The result should hold only the lines from the one with "Shopping Addict 2021 Aug. 〜編集部員のお気に入り〜 前編" through the final line of the data below, transcribed exactly, pictures left out.

┌─ The data

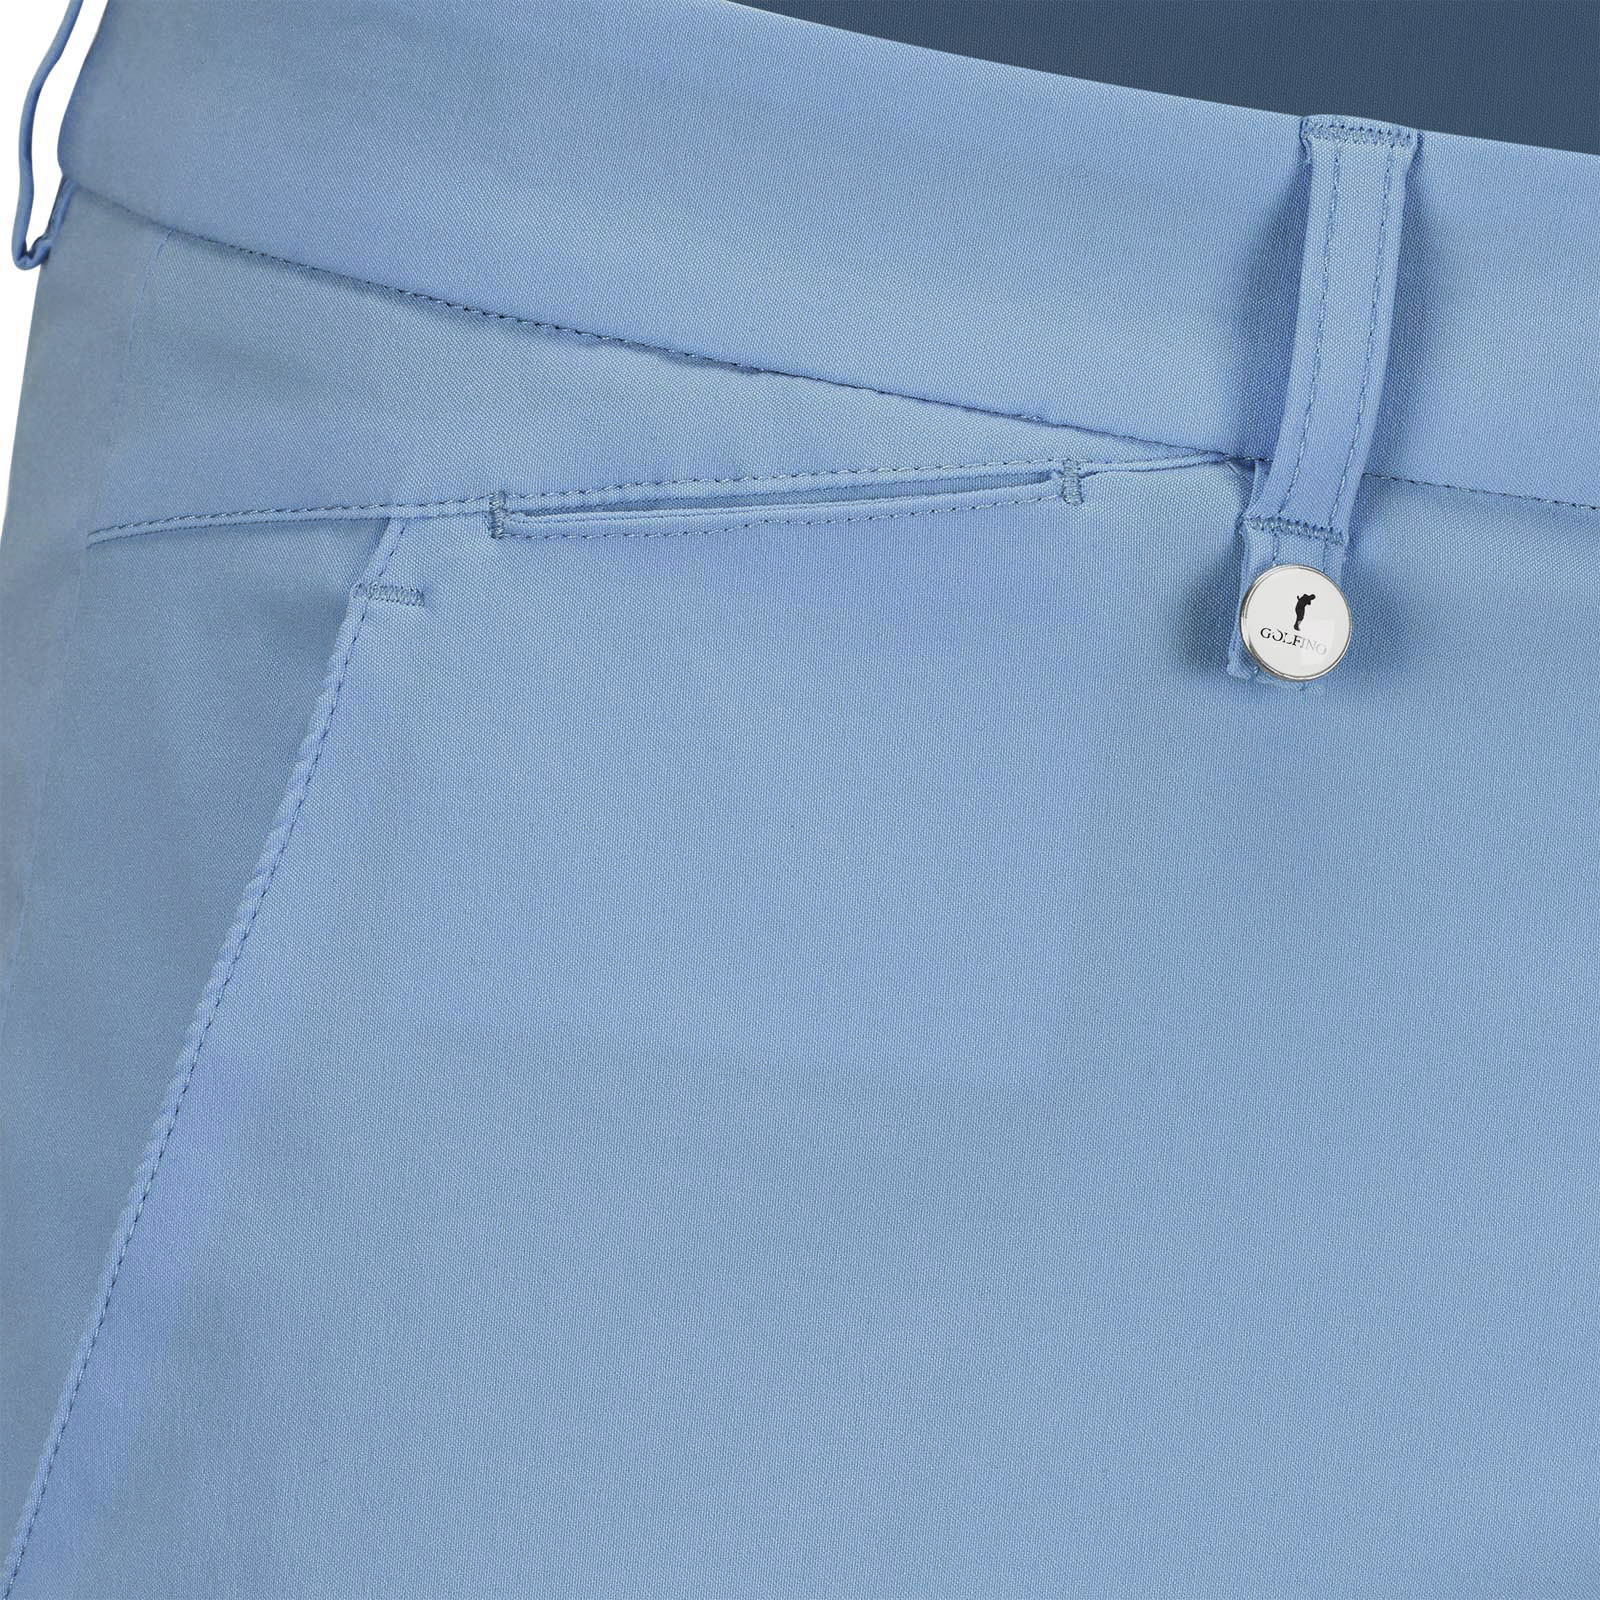 Pantalon de golf techno-stretch pour homme avec protection anti-UV
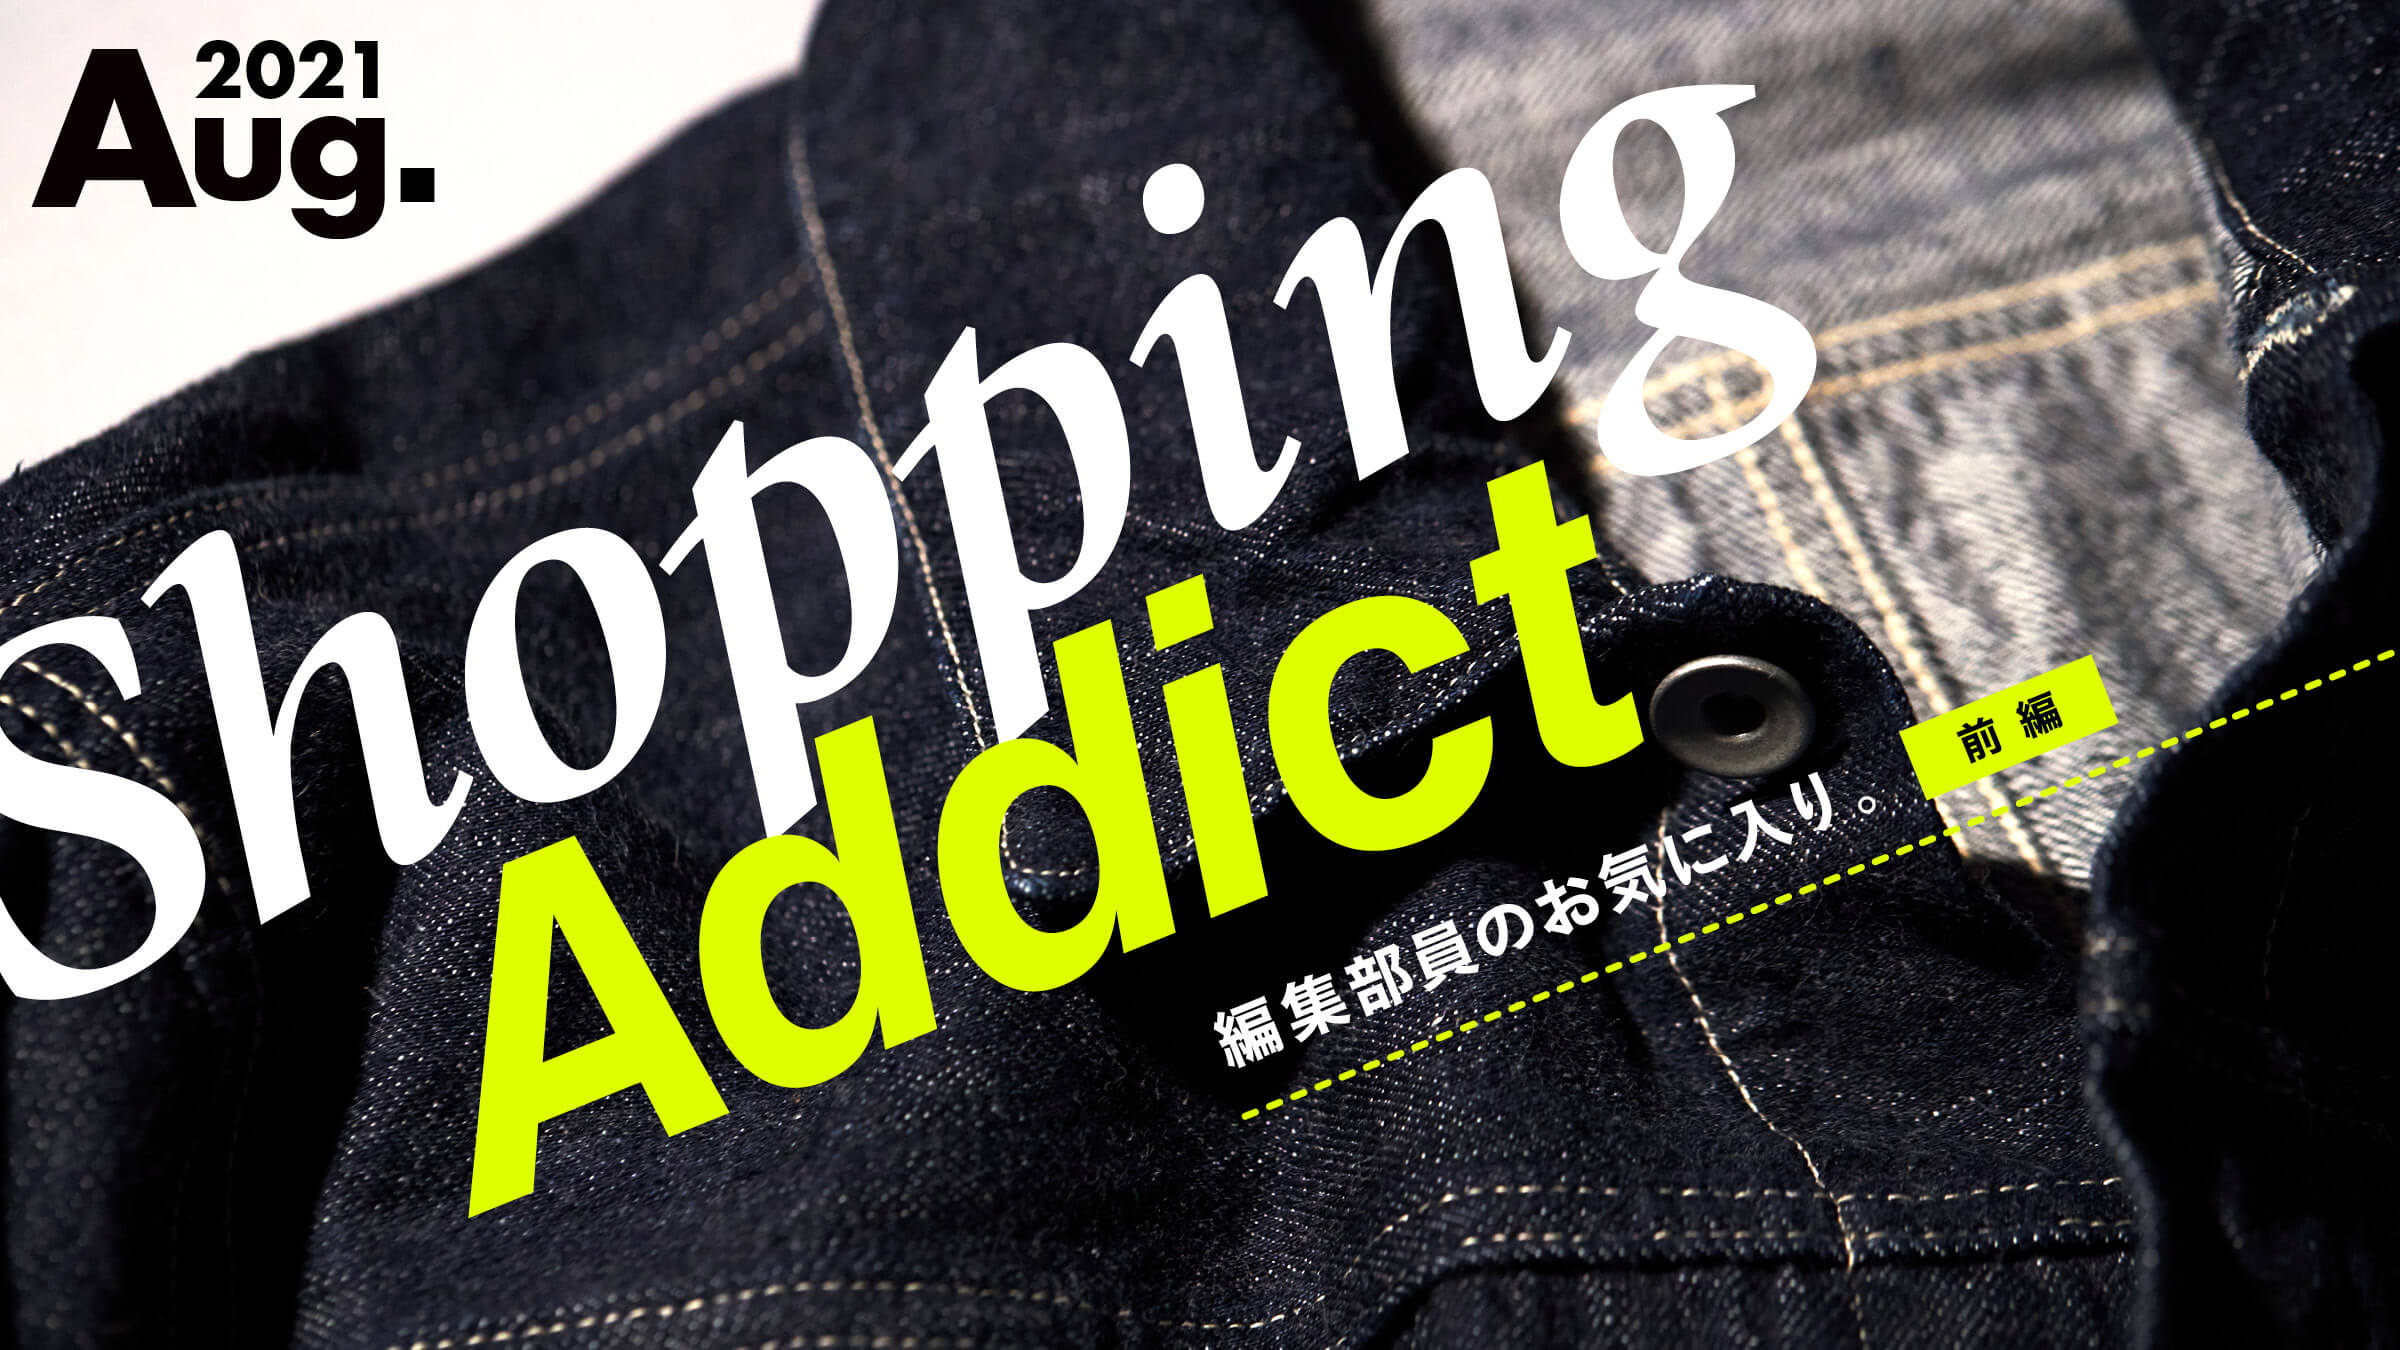 Shopping Addict 2021 Aug. 〜編集部員のお気に入り〜 前編
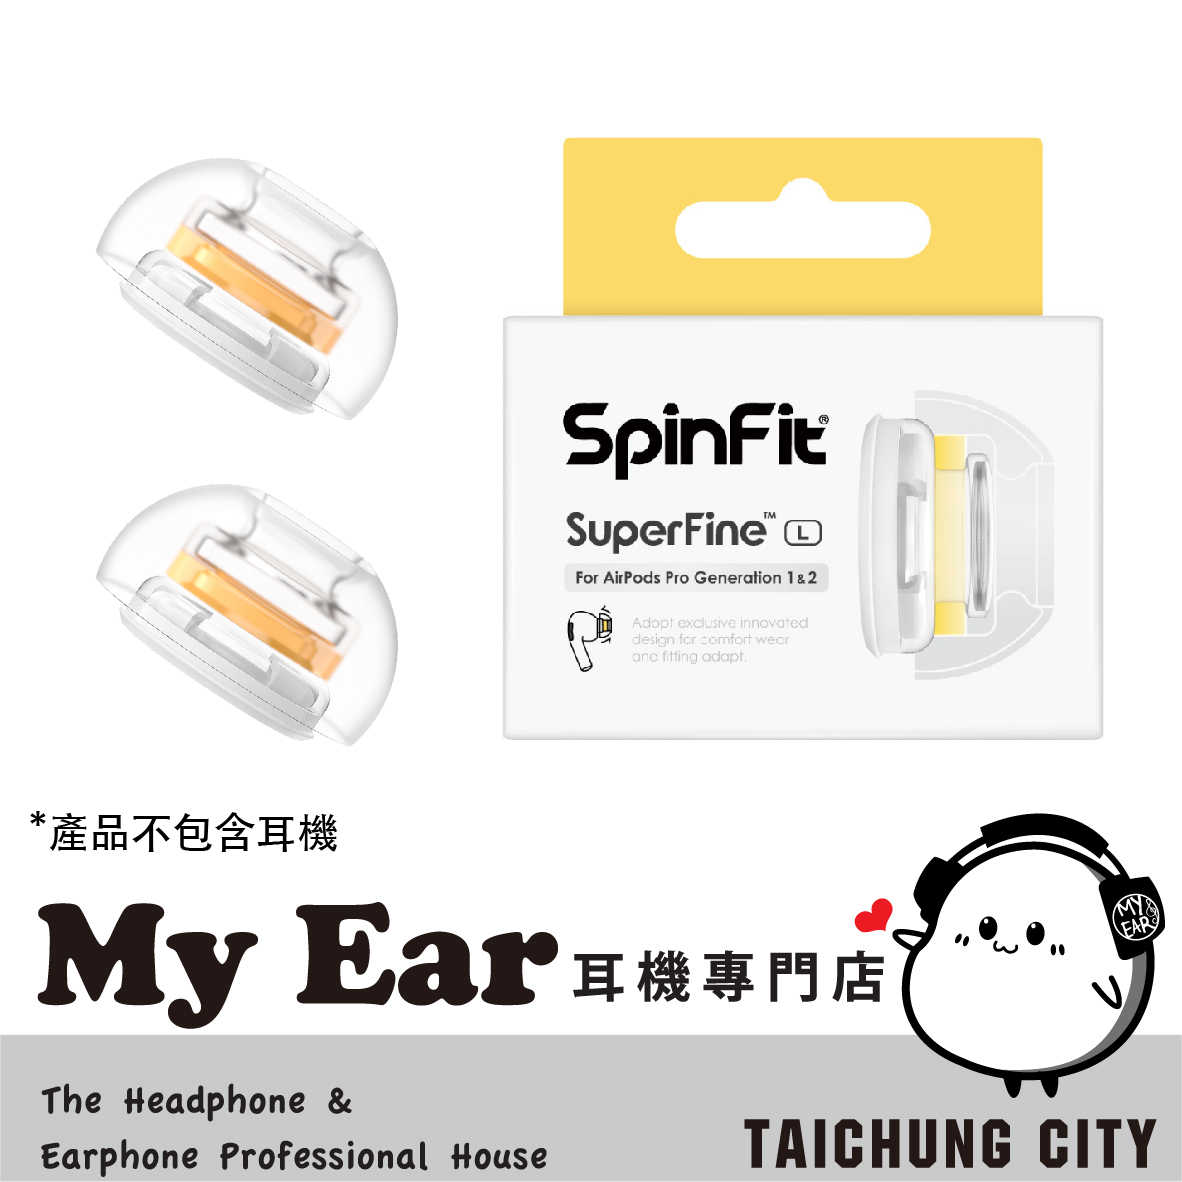 SpinFit SuperFine L 適用Airpods Pro CP1025 矽膠耳塞 | My Ear耳機專門店
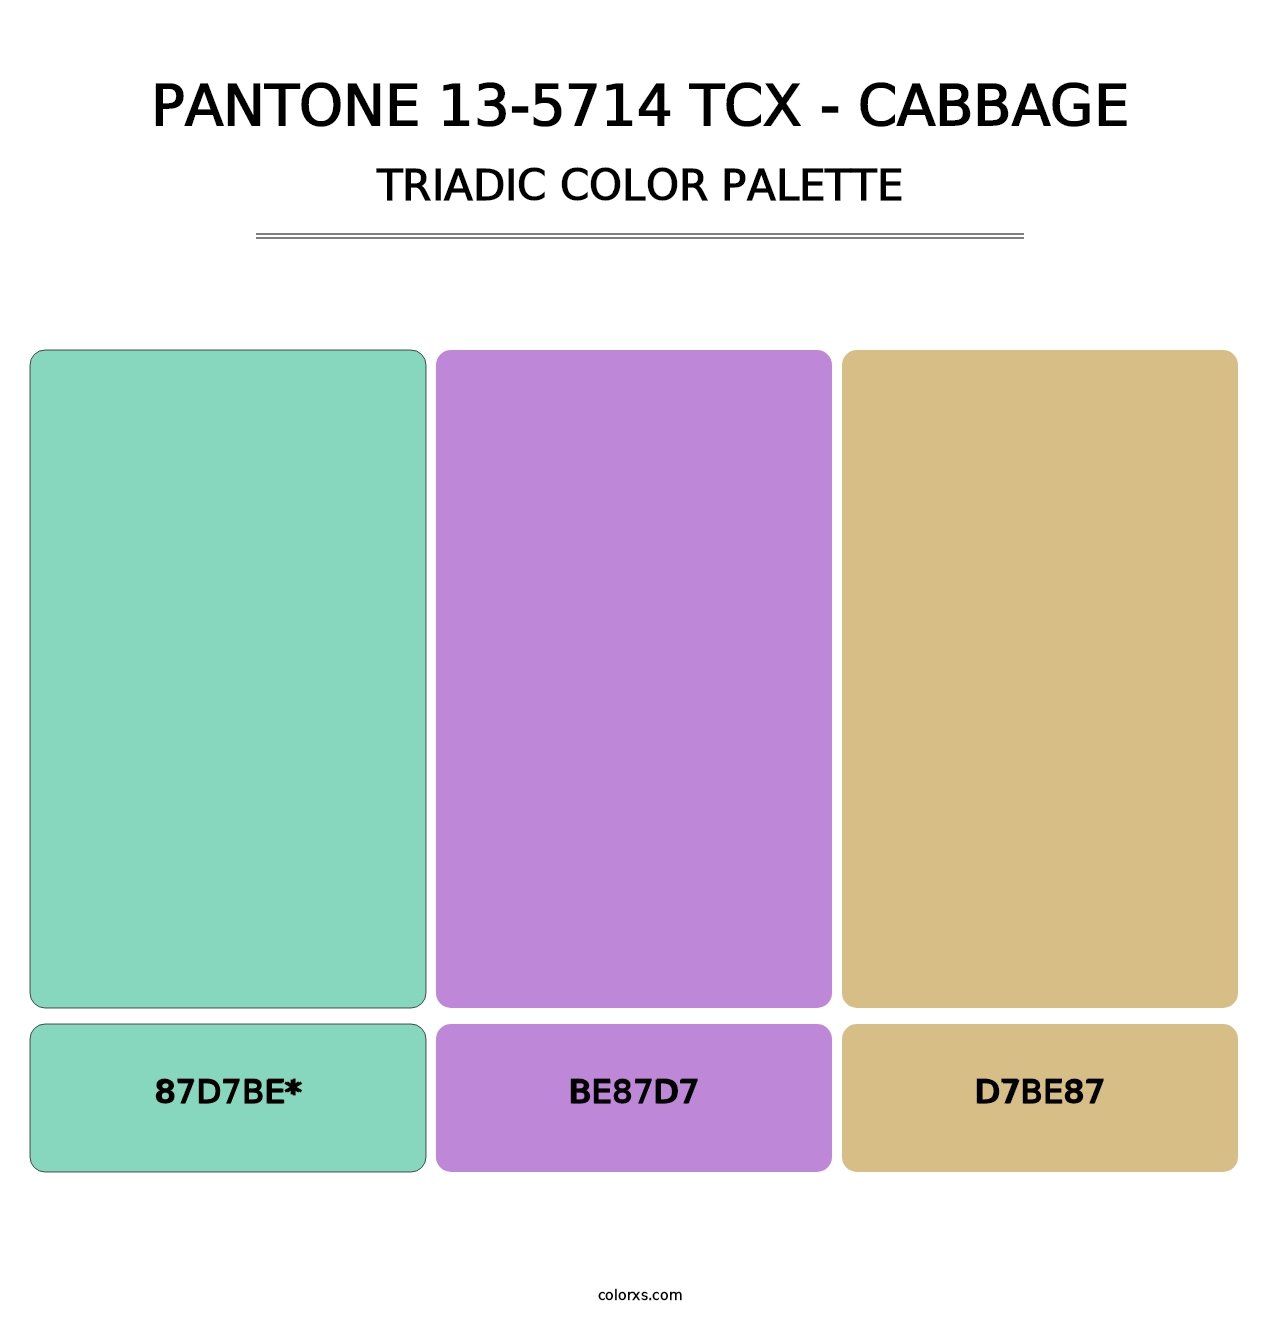 PANTONE 13-5714 TCX - Cabbage - Triadic Color Palette

└─

Solution for this task.
 Shopping Addict 2021 Aug. 〜編集部員のお気に入り〜 前編
 SpinFit SuperFine L 適用Airpods Pro CP1025 矽膠耳塞 | My Ear耳機專門店
 PANTONE 13-5714 TCX - Cabbage - Triadic Color Palette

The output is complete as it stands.